I approached HR and they refused to stamp, they told me they don't stamp payslips. I am in a very big MNC so they are v strict about policies etc.

So what do you suggest i do, will DIAC accept the payslips without stamps ? I can get them attested though from lawyer, etc.


----------



## Achilles (Apr 12, 2011)

JBY said:


> Hi,
> 
> So i'm preparing for my 175, so might bore my fellow forumers with some questions.
> 
> ...


Yes, I don't think any company will stamp the pay slips for us. You will also be providing your experience letter. Just pay slips will do


----------



## lifeisgood (Mar 30, 2010)

JBY said:


> Hi,
> 
> So i'm preparing for my 175, so might bore my fellow forumers with some questions.
> 
> ...


I dont think that you need to get the Payslips stamped..
get them notarised and that should be fine...


----------



## anj1976 (Apr 24, 2008)

try and arrange for bank statement, that will support your payslips as well.


----------



## tanhum (Jul 1, 2010)

Yes stamping from the company is not required. Do get them notorised, infact notarise ALL you documents.


----------



## carosapien (Oct 16, 2011)

Never had to have payslips stamped, just enclose them with a bank statement.


----------



## vincent007 (Oct 18, 2011)

tanhum said:


> Yes stamping from the company is not required. Do get them notorised, infact notarise ALL you documents.

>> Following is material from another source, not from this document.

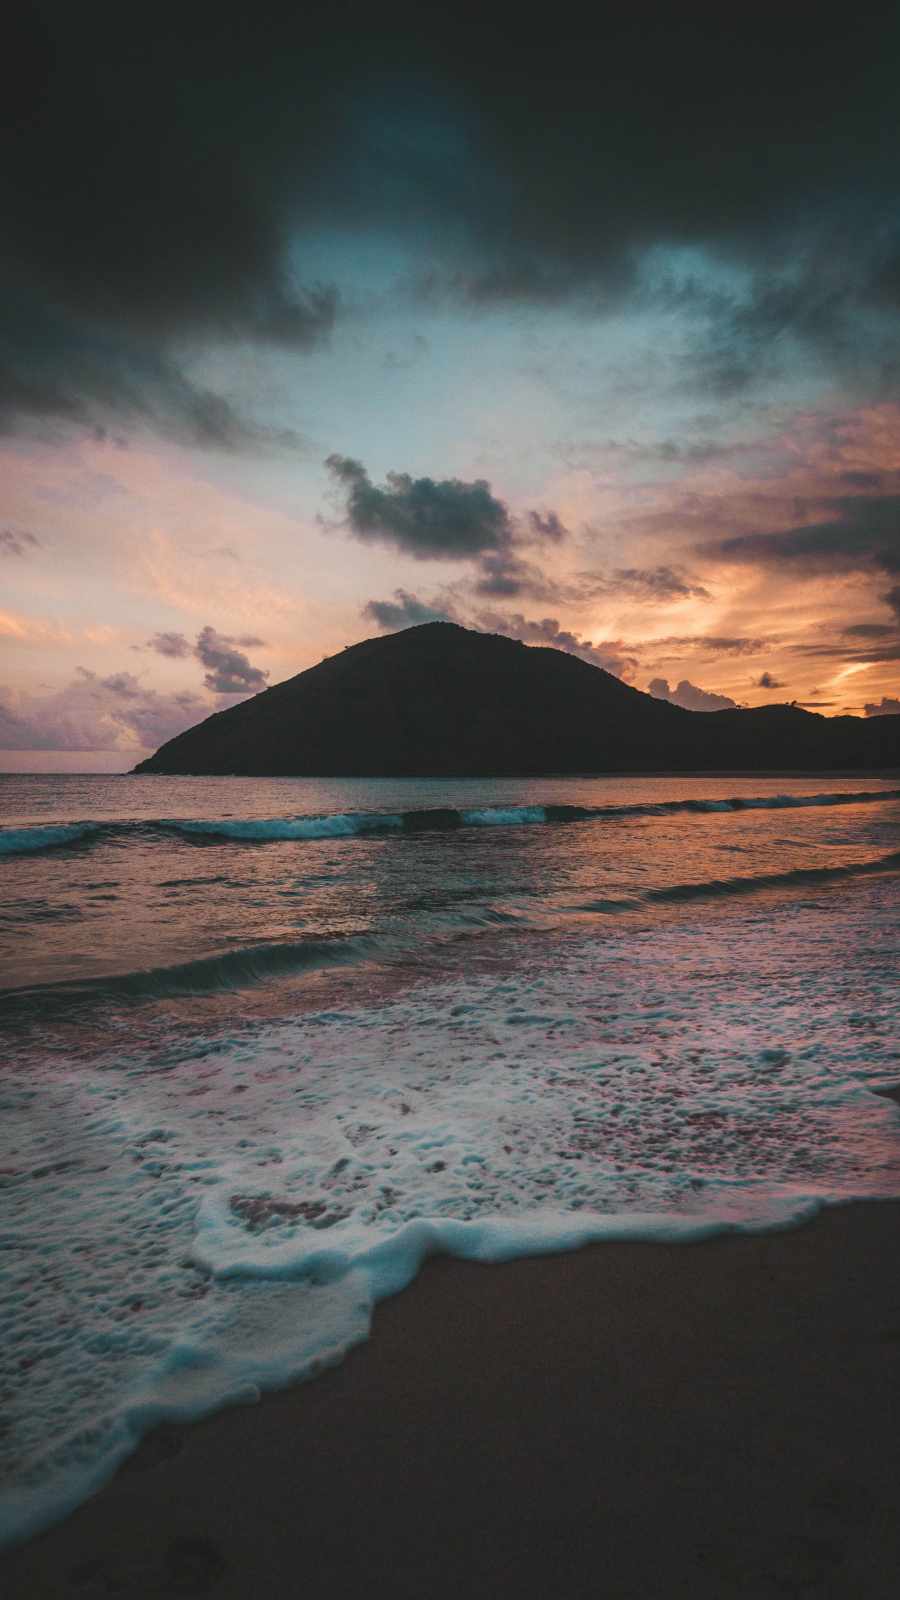 A sunset over a mountain and the ocean - Beach, mountain

hi can I ask about the notarization? Must it be from certain provider, i mean like the australian embassy? will it do any better compared to any other provider?


----------



## lifeisgood (Mar 30, 2010)

vincent007 said:


> hi can I ask about the notarization? Must it be from certain provider, i mean like the australian embassy? will it do any better compared to any other provider?


it can be from ANY one who is Authorized to notarise a document...Make sure they use the proper stamp and sign the document ...


----------



## JBY (May 17, 2011)

Thanks all for your answers, i went ahead and got them notarized + Bank statements without HR stamp. You guys are great!


----------